Experimental and Numerical Investigation of Delamination Between Epoxy Molding Compound (EMC) and Metal in Encapsulated Microelectronic Packages

Microelectronics packages play a vital role in not only interconnecting the electronic signals from the die to the printed circuit board (PCB), but also in protecting the chips during the manufacturing process and their subsequent service lives. Epoxy molding compound (EMC) is widely used in electronic packaging due to its superior processing capability and low circuit signal delay. However, interfacial delamination is a common problem in encapsulated silicon devices, particularly at the interface between the copper leadframe (LF) pads and the EMC due to the weaker adhesion strength. Accordingly, the present study employs a double cantilever beam (DCB) experimental testing method and a numerical model based on the virtual crack closure technique (VCCT) to investigate the fracture behavior at the EMC/Cu LF interface in a quad flat no leads (QFN) package. The experiments are performed on an MTS-Acumen microforce tester equipped with a load unit capable of applying a force of 0.01 to 1250 N with a displacement resolution of 0.1 μm. The DCB specimens are prepared with a pre-crack length of 12 mm.
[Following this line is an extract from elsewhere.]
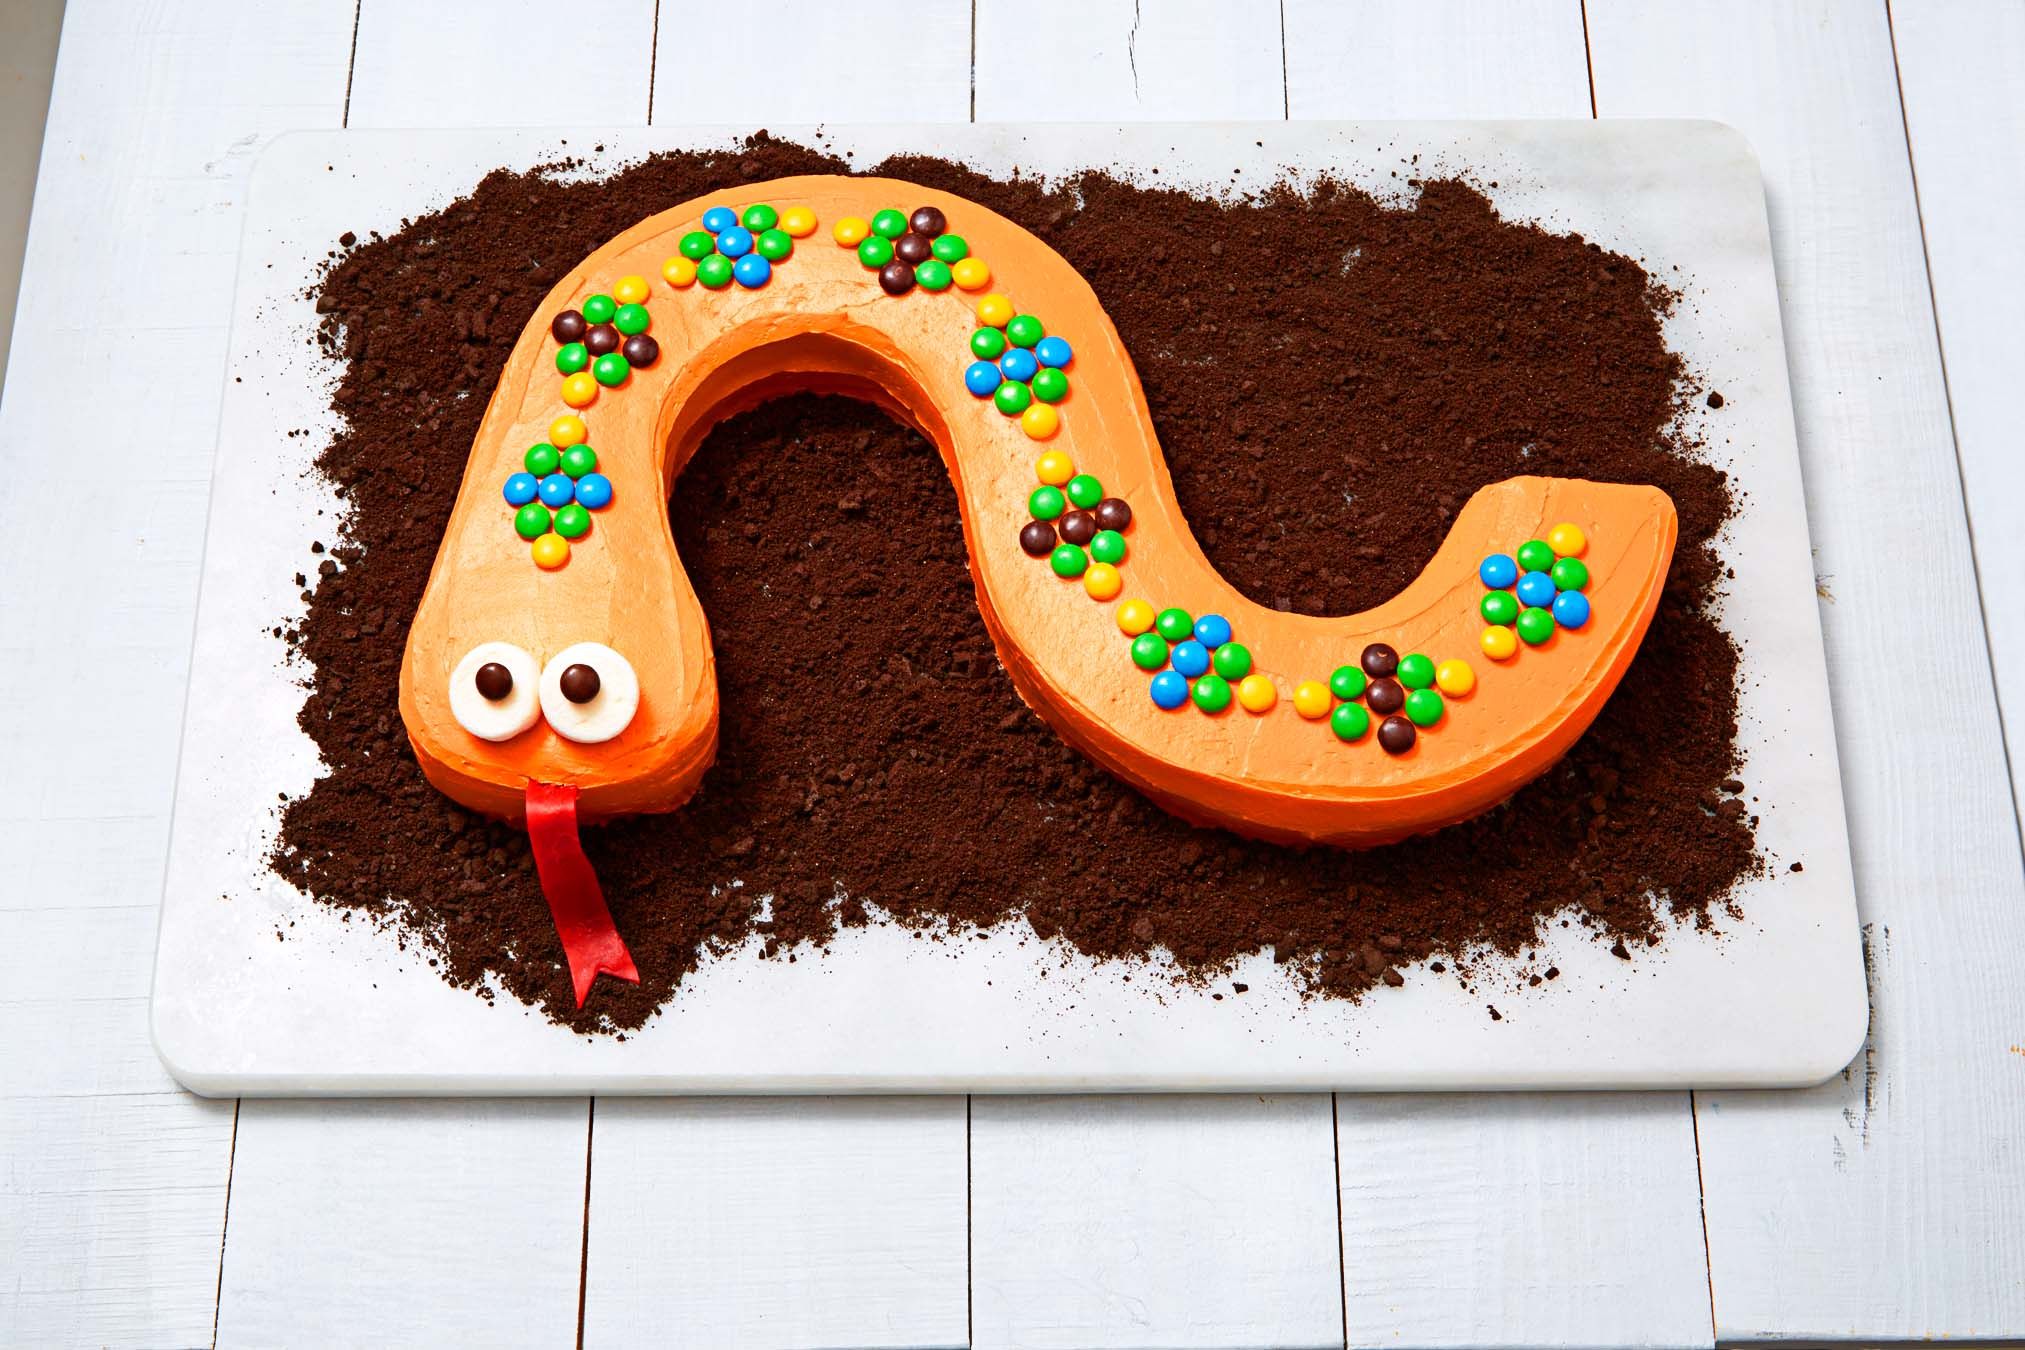 Snake Birthday Cake, snake cake design | Yummy cake

The validity of the simulation model is confirmed by comparing the predicted values of the critical strain energy release rate (SERR, G_c) between the EMC and the copper LF pads with the experimental observations. In general, the results show that the G_c value provides a useful parameter for evaluating the delamination risk of encapsulated microelectronics packages and assessing the reliability of alternative package architectures.